We now proceed to the proof of Theorem 1, but first it is helpful to give a brief summary. To bound the EMD from above, we give a candidate transport plan that is based on the multigrid strategy depicted in Fig. 13 for the case $d=2$. In this case, the strategy is to divide the domain into square windows with two square panels per side, as shown in Fig. 13. The mass in each window is then redistributed in such a way that the new distribution is constant on each window.
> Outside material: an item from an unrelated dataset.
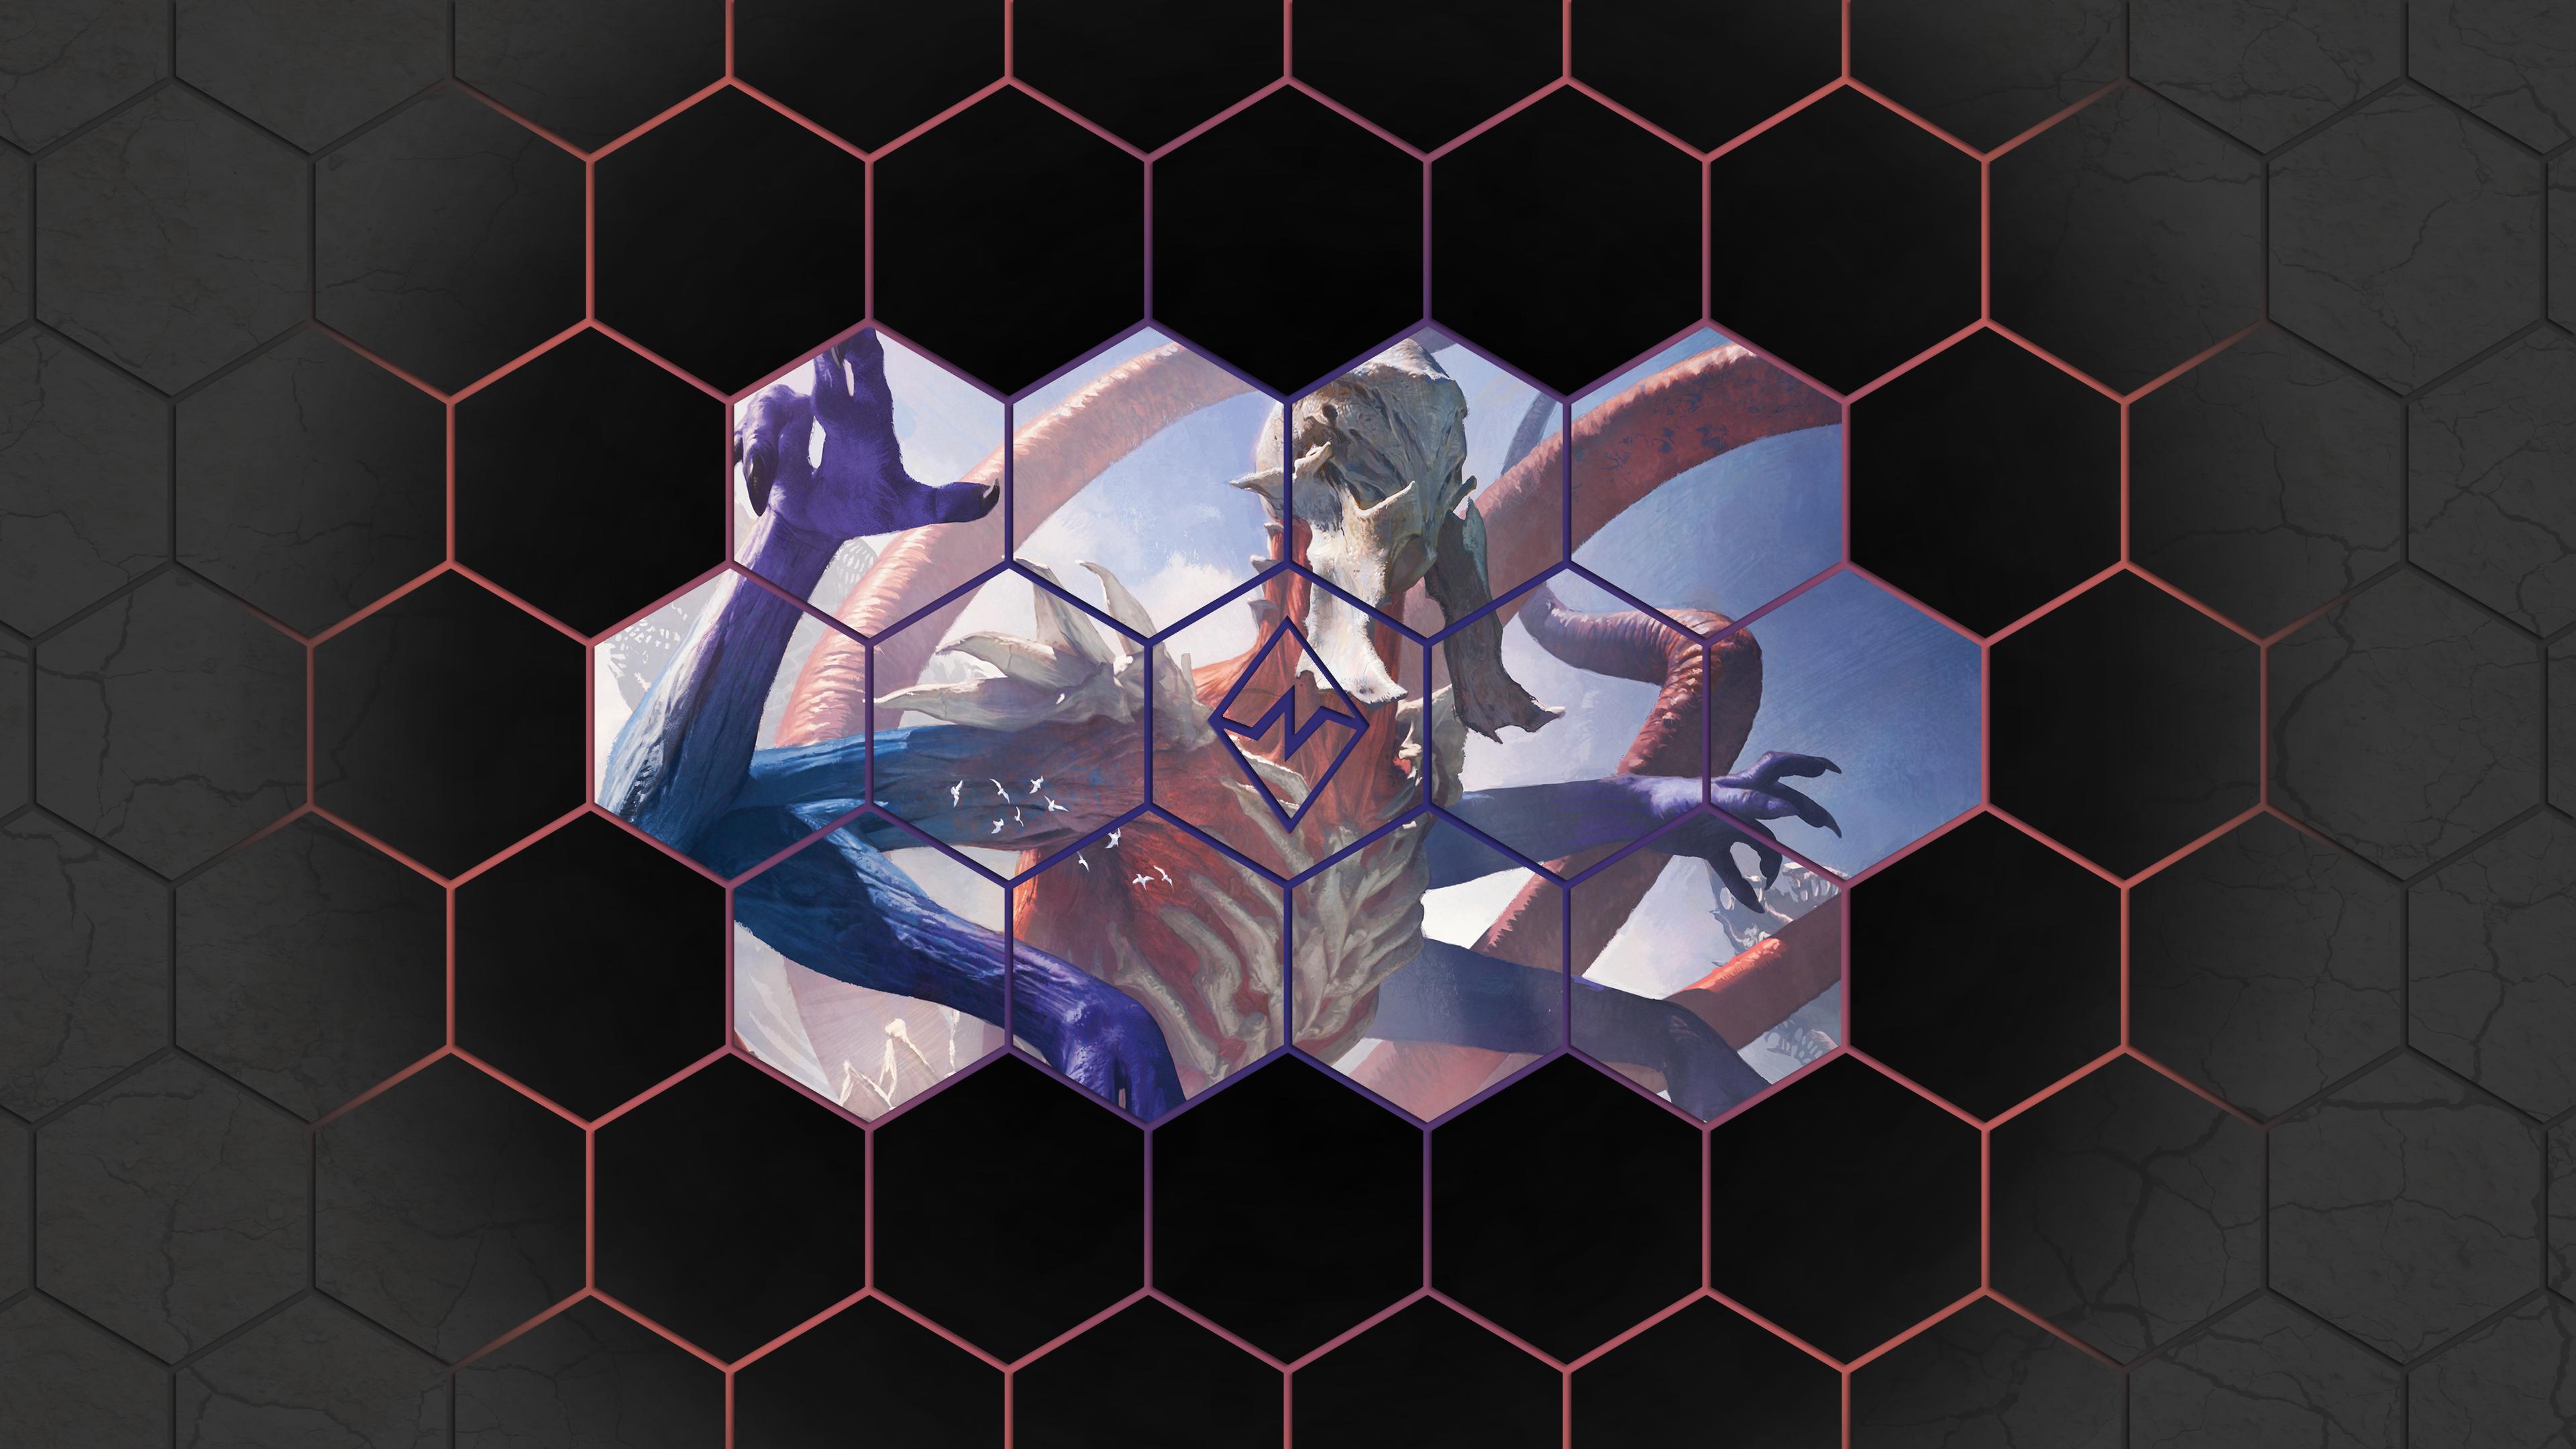 Hexagon Mtg Ulamog The Ceaseless Hunger C By Locix Ita On

Each window then becomes a panel in a window that is a factor a factor of two larger in each dimension, and the process is repeated until the distribution on the entire square is constant. For $d >2$, the plan is the same, except that each window is a hypercube $2^d$ panels. The cost of the complete transport plan can be bounded by the sum of the costs of the transport plan for each step. These costs are computed in the proof below and their sum leads to the bound in Theorem 1.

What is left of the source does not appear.